══ Given data ══

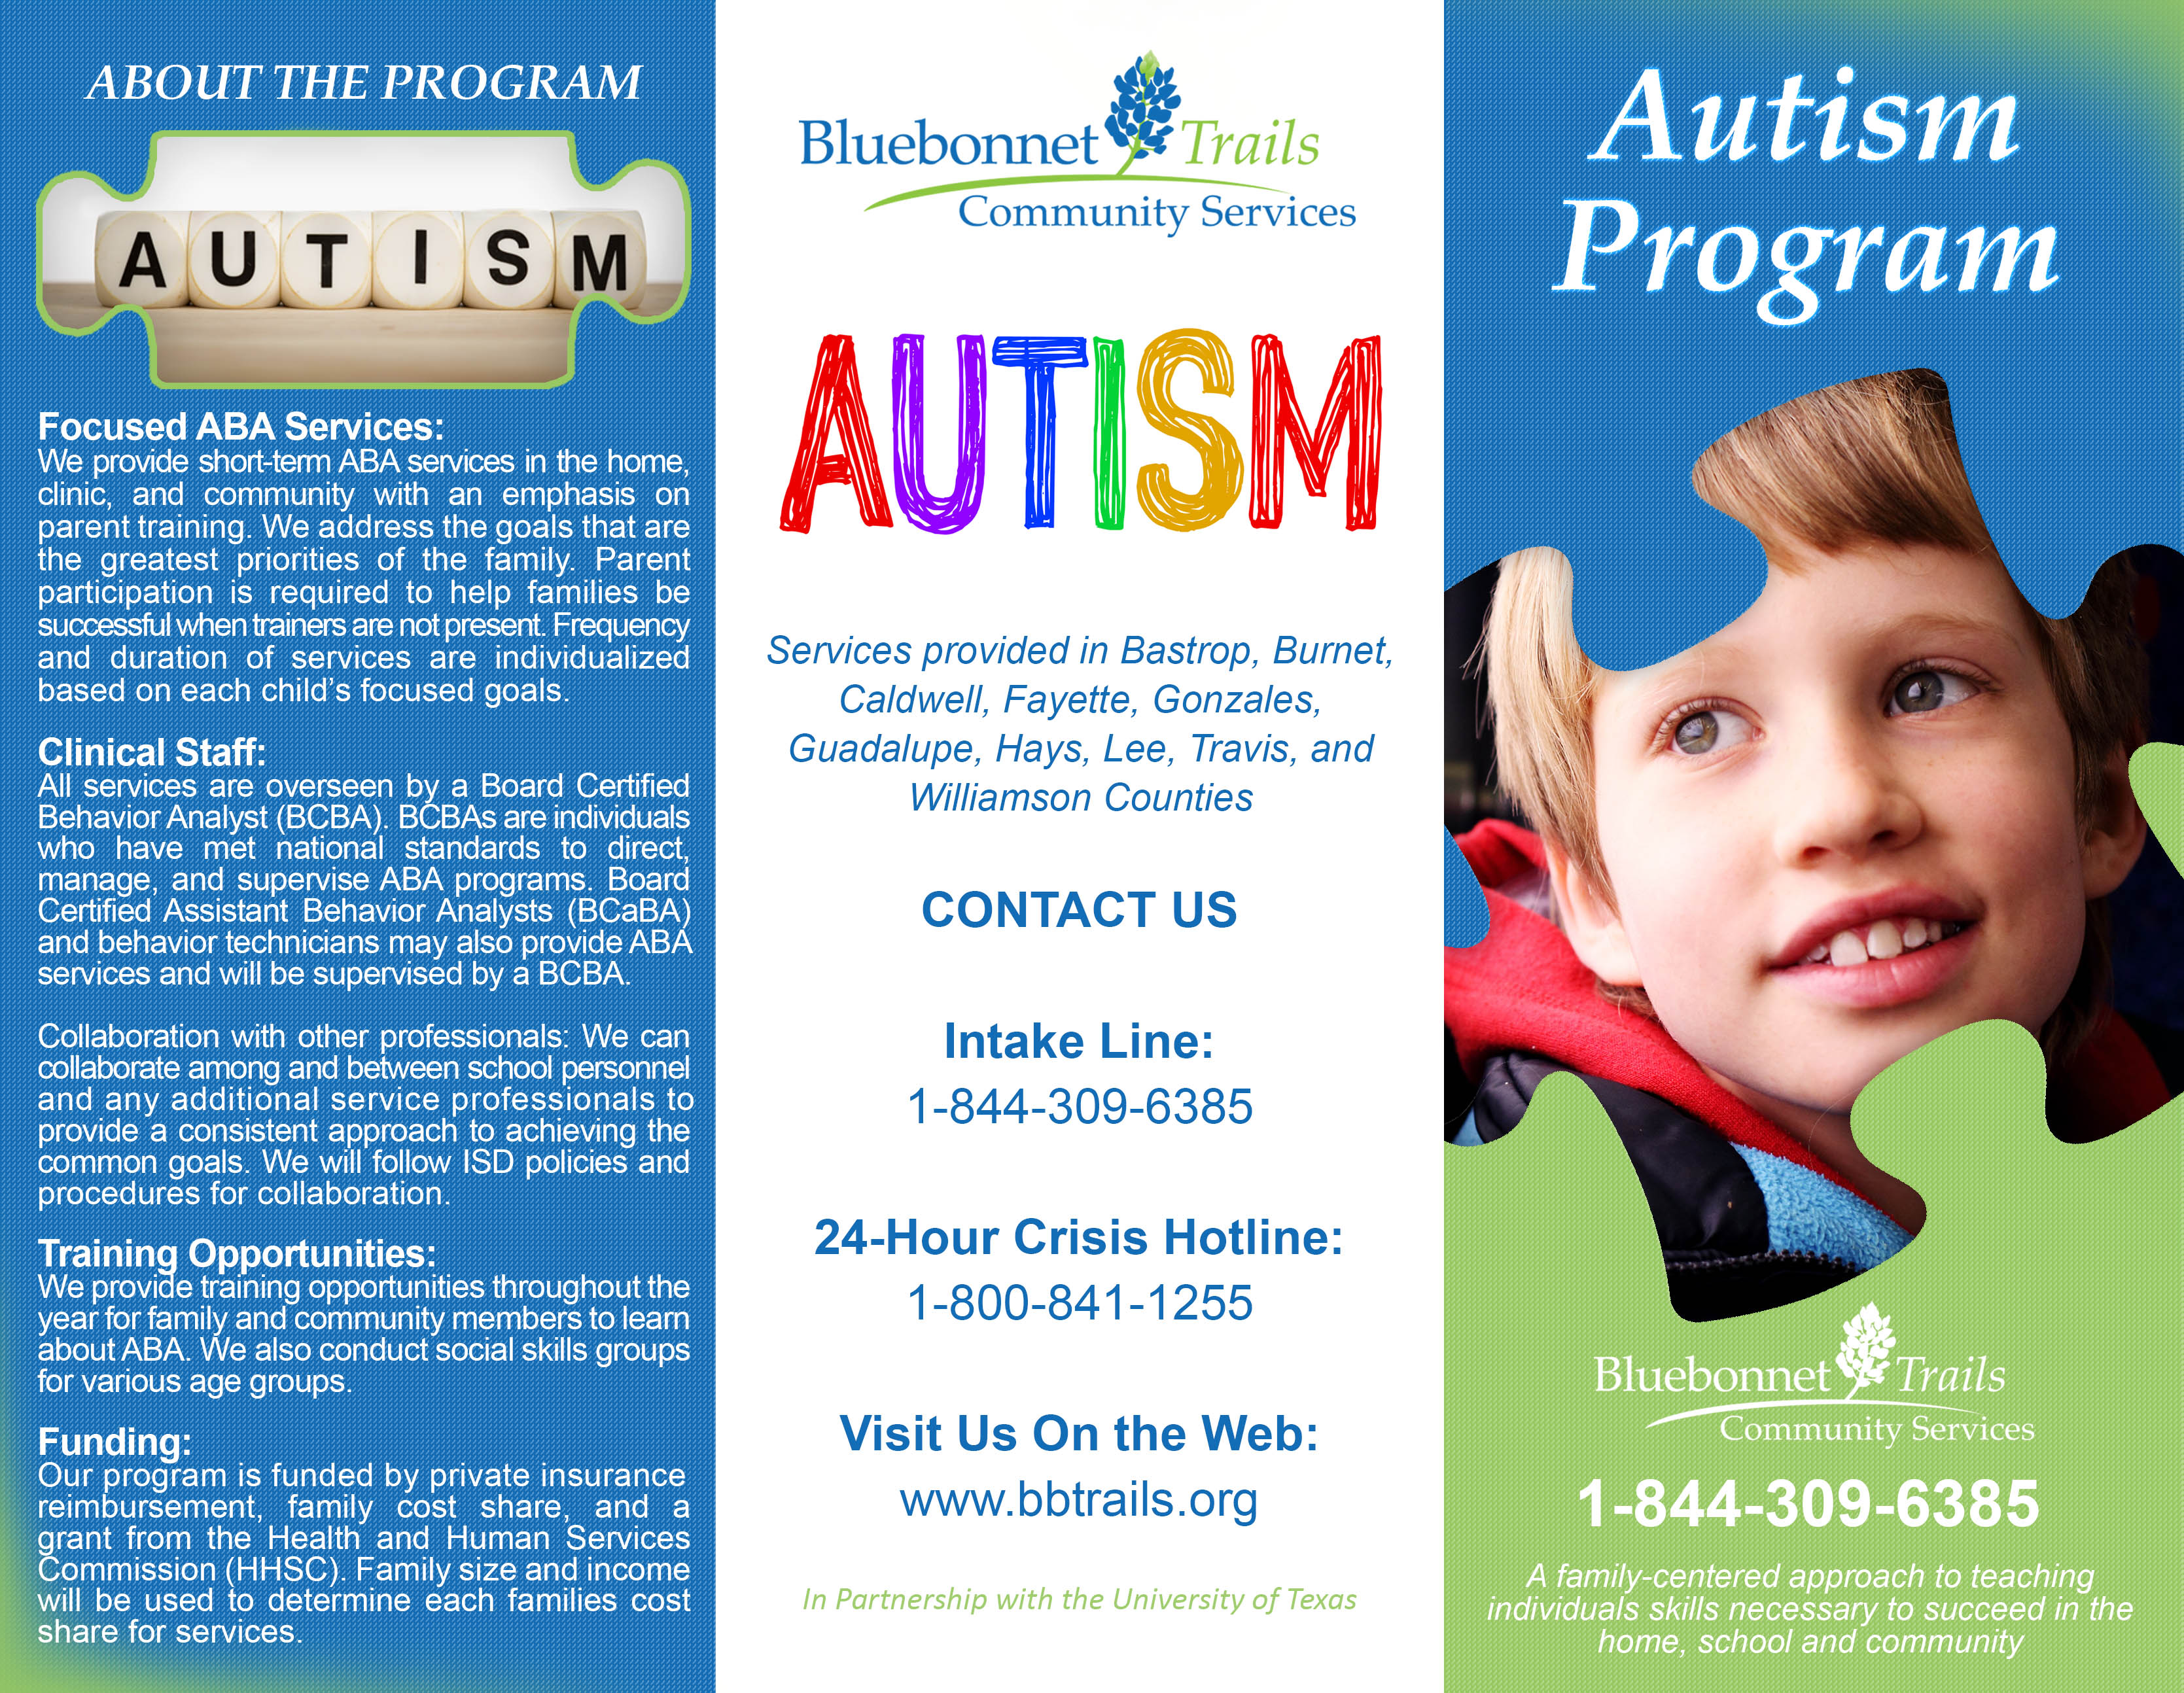 Autism Services | Bluebonnet Trails Community Services
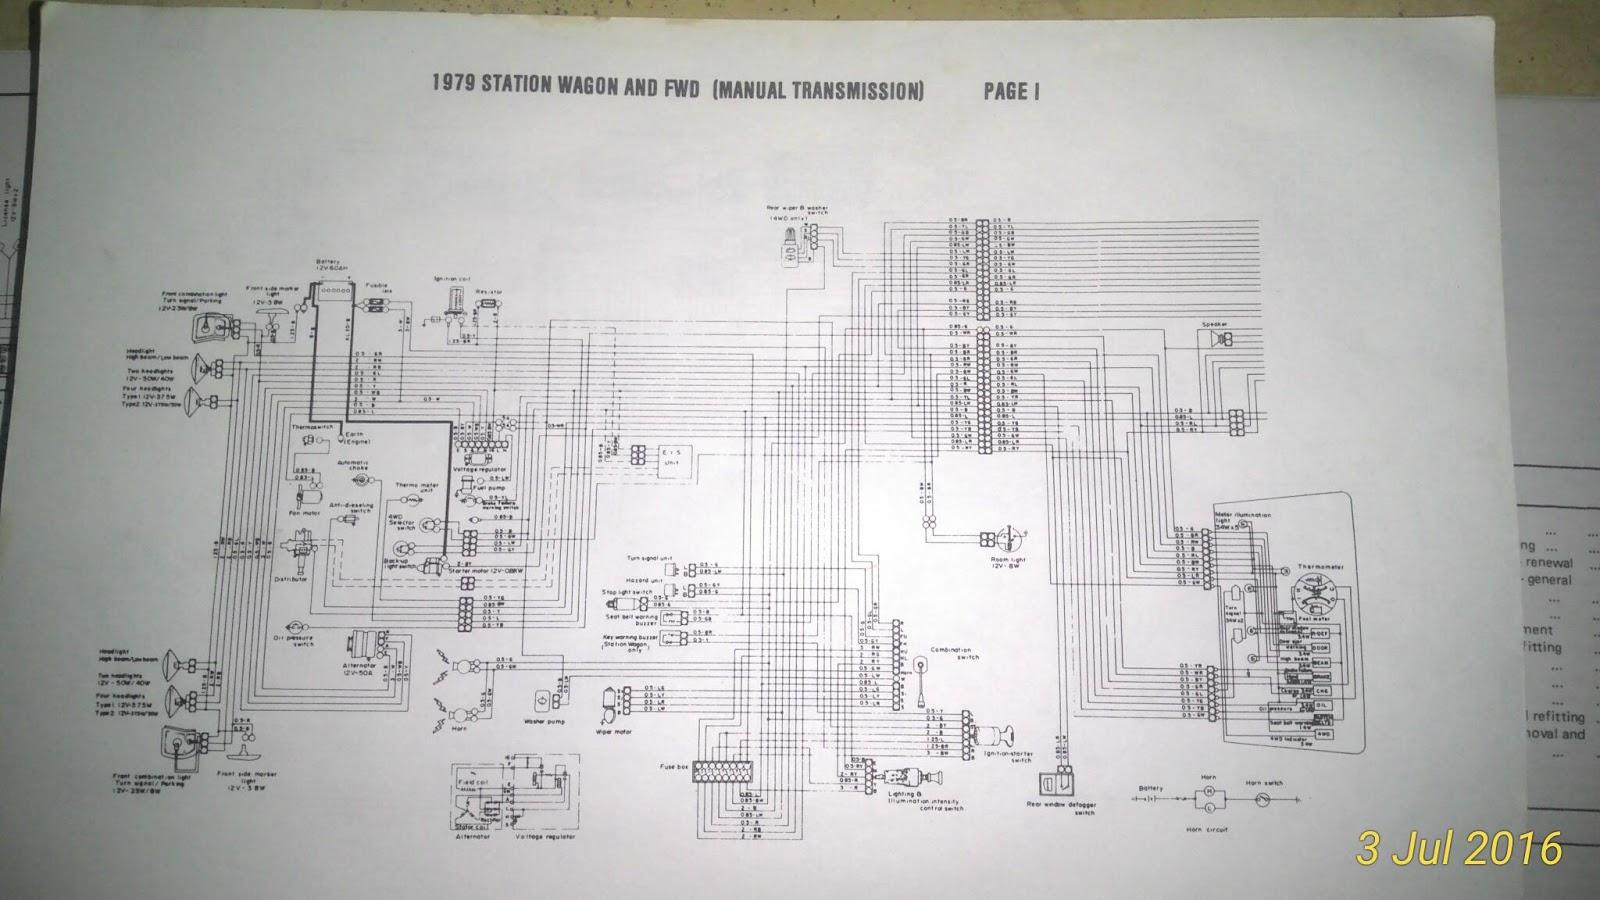 1GEN Brumby/Brat - Wiring diagrams
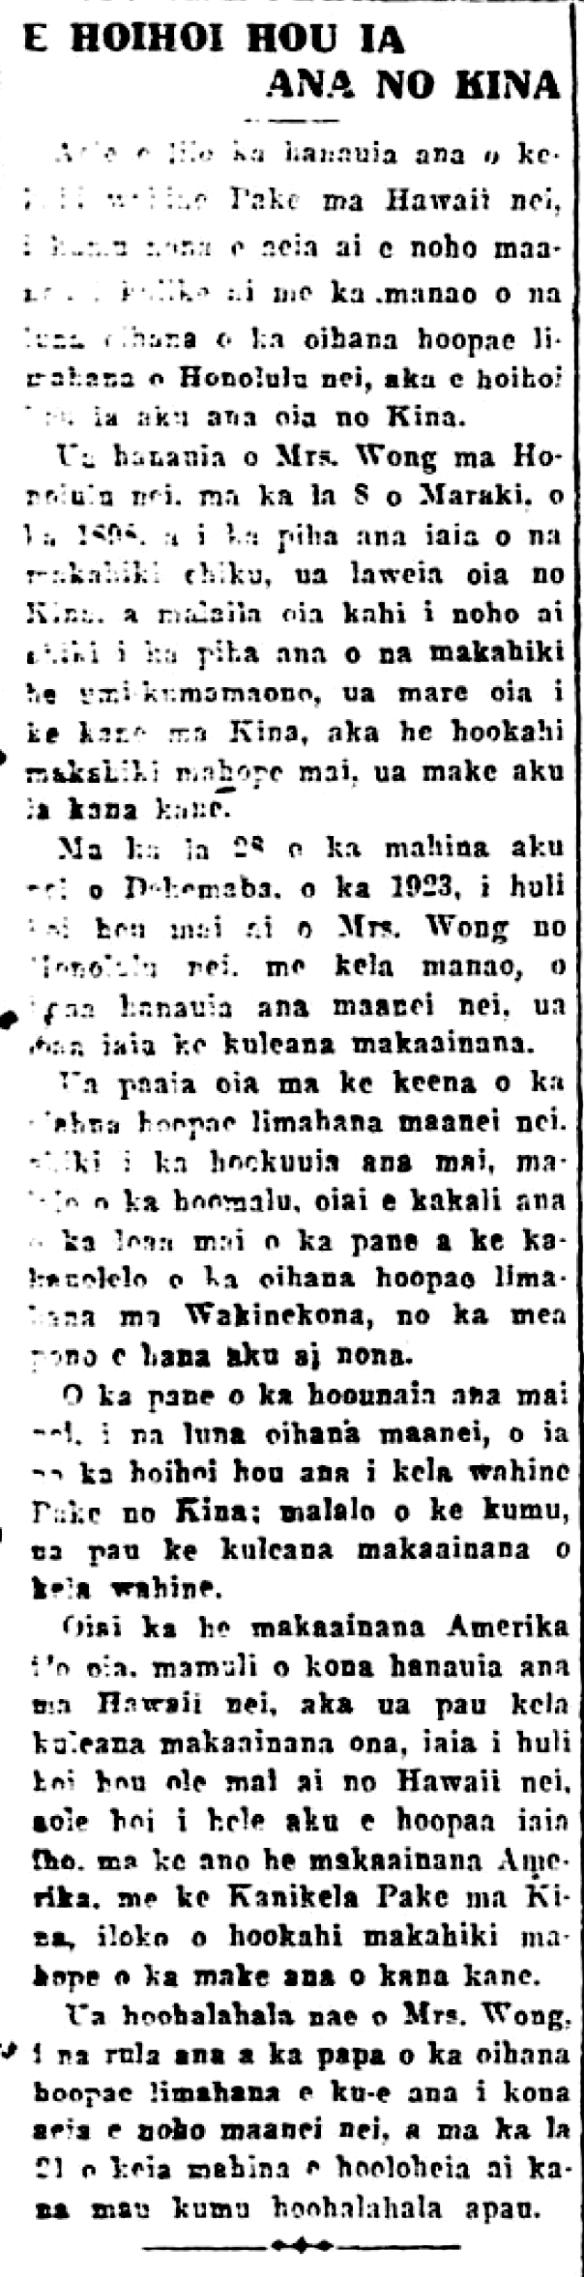 Kuokoa_4_3_1924_5.png

═══

**Work required:** Print the complete listing exactly, apart from any pictures.

**Solved exercise:**
 Autism Services | Bluebonnet Trails Community Services
 1GEN Brumby/Brat - Wiring diagrams
 Kuokoa_4_3_1924_5.png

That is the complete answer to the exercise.